▶ Assignment
Write the entries out again exactly; any picture among them gets left out.

(Data excerpts)
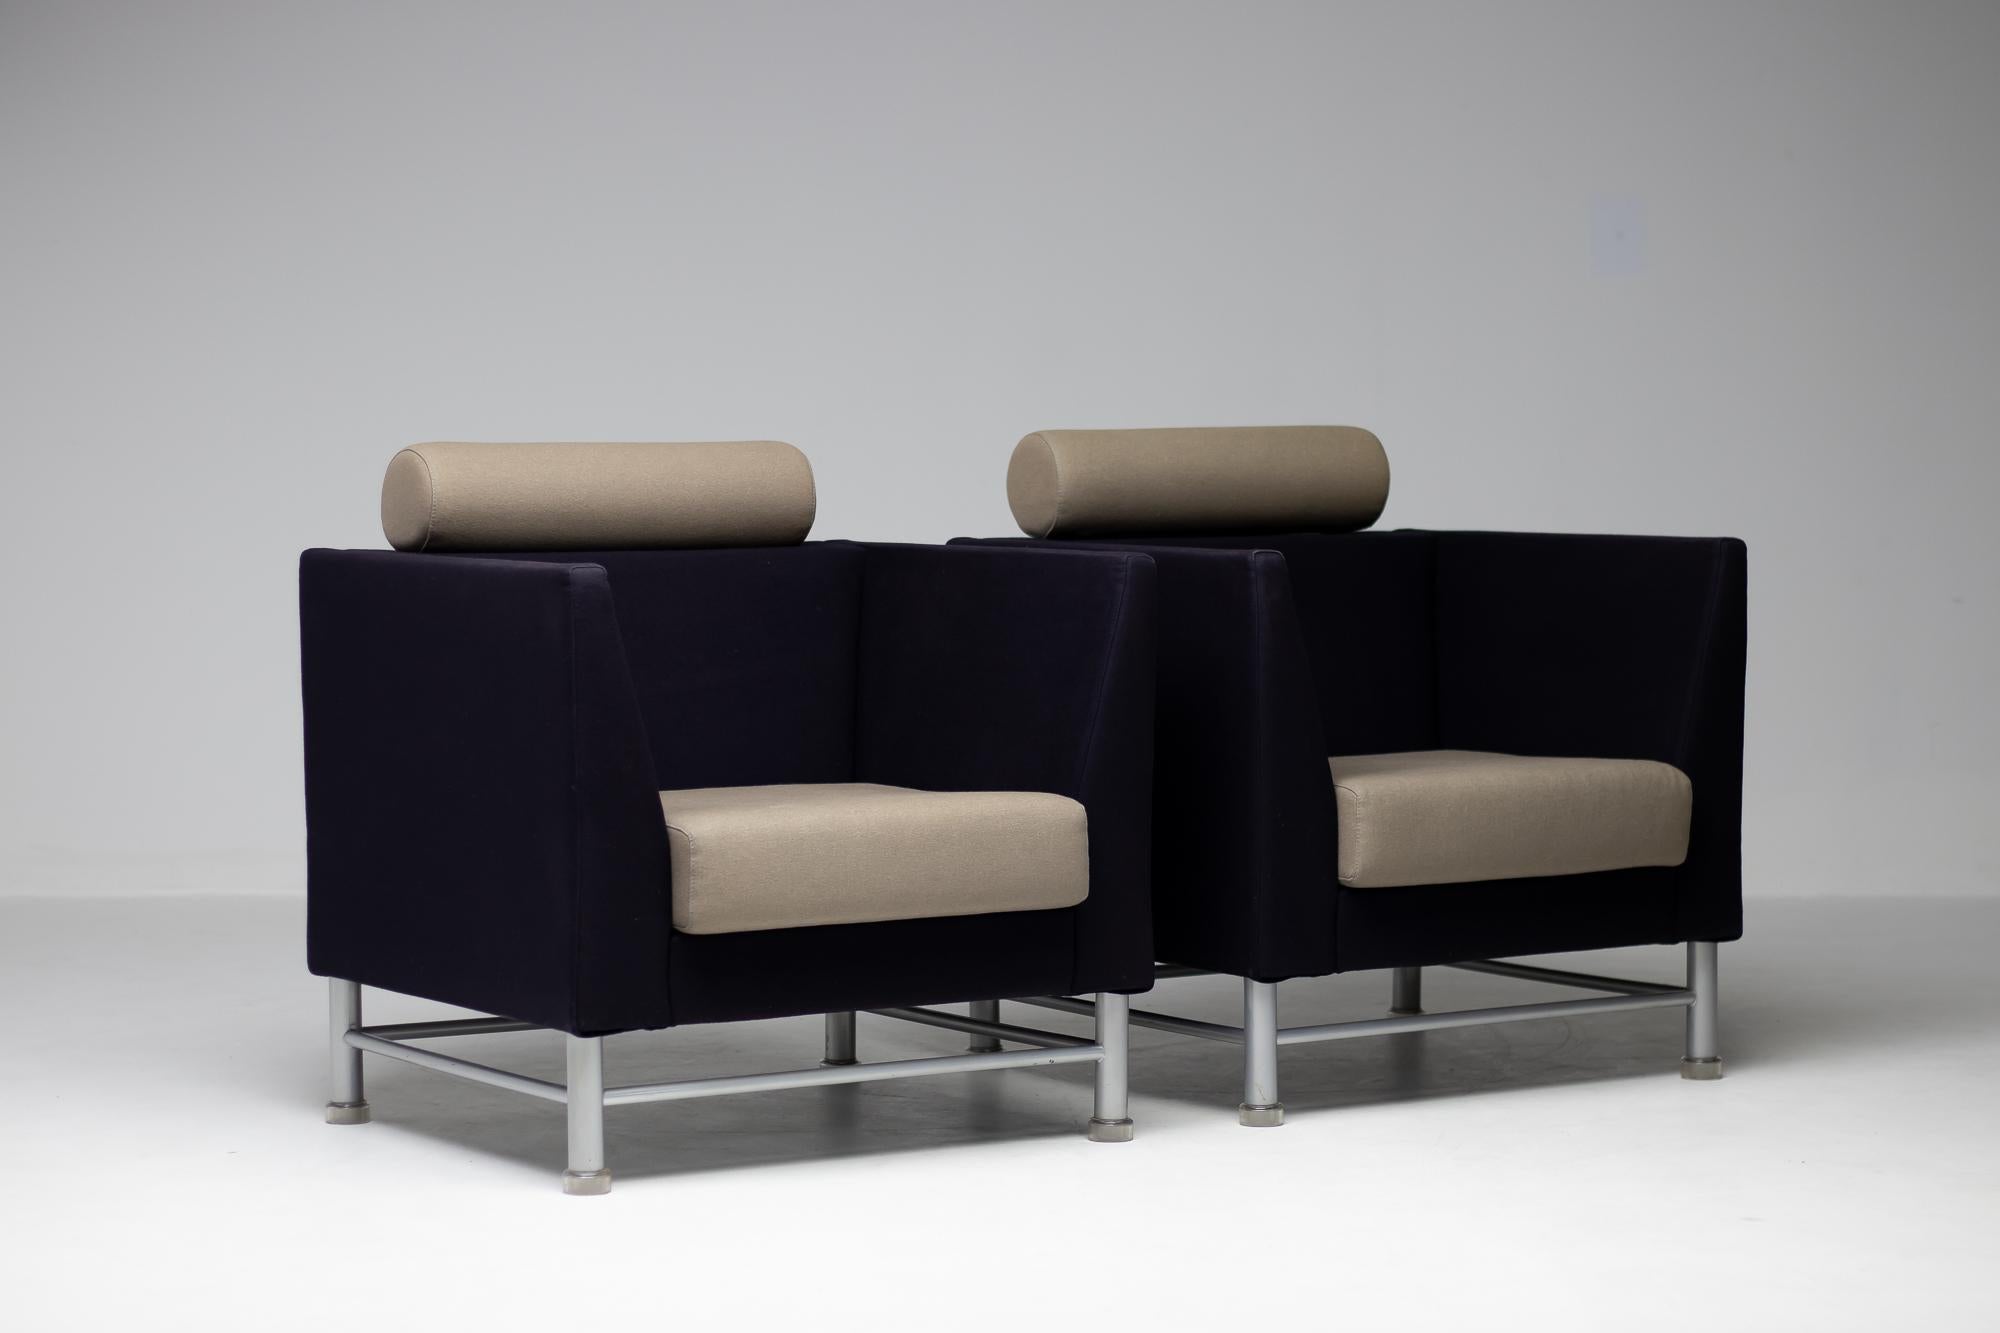 East side lounge chairs designed by Ettore Sottsass for Knoll International in 1983.
Postmodern chairs with original upholstery in nice vintage condition.
The chairs features a gray enameled steel base with translucent plastic feet.
The pair will
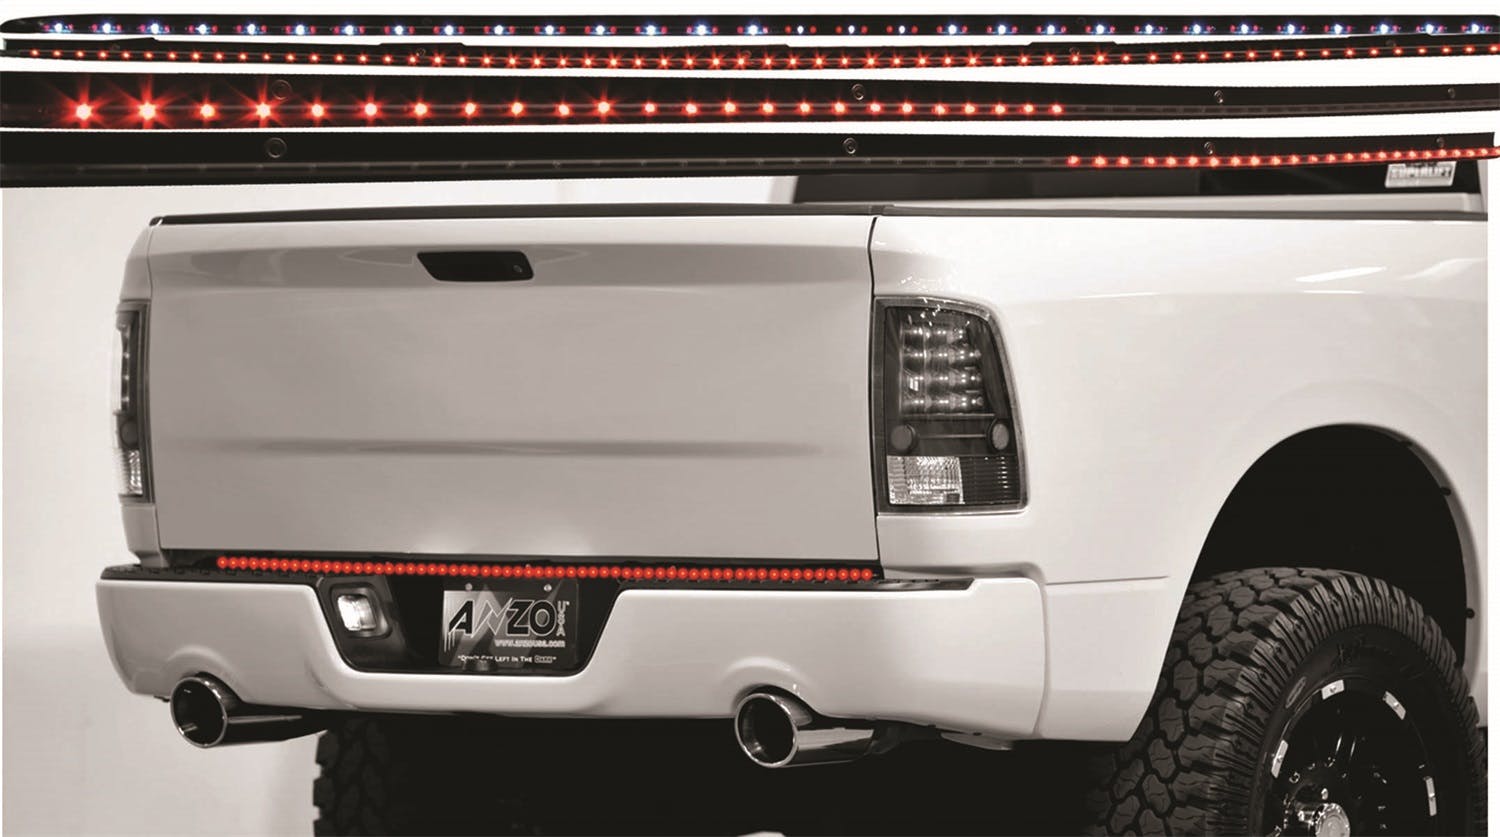 AnzoUSA 531044 LED Tailgate Bar without Reverse, 49" 4 Function

▶ Output
 East side lounge chairs designed by Ettore Sottsass for Knoll International in 1983.
Postmodern chairs with original upholstery in nice vintage condition.
The chairs features a gray enameled steel base with translucent plastic feet.
The pair will
 AnzoUSA 531044 LED Tailgate Bar without Reverse, 49" 4 Function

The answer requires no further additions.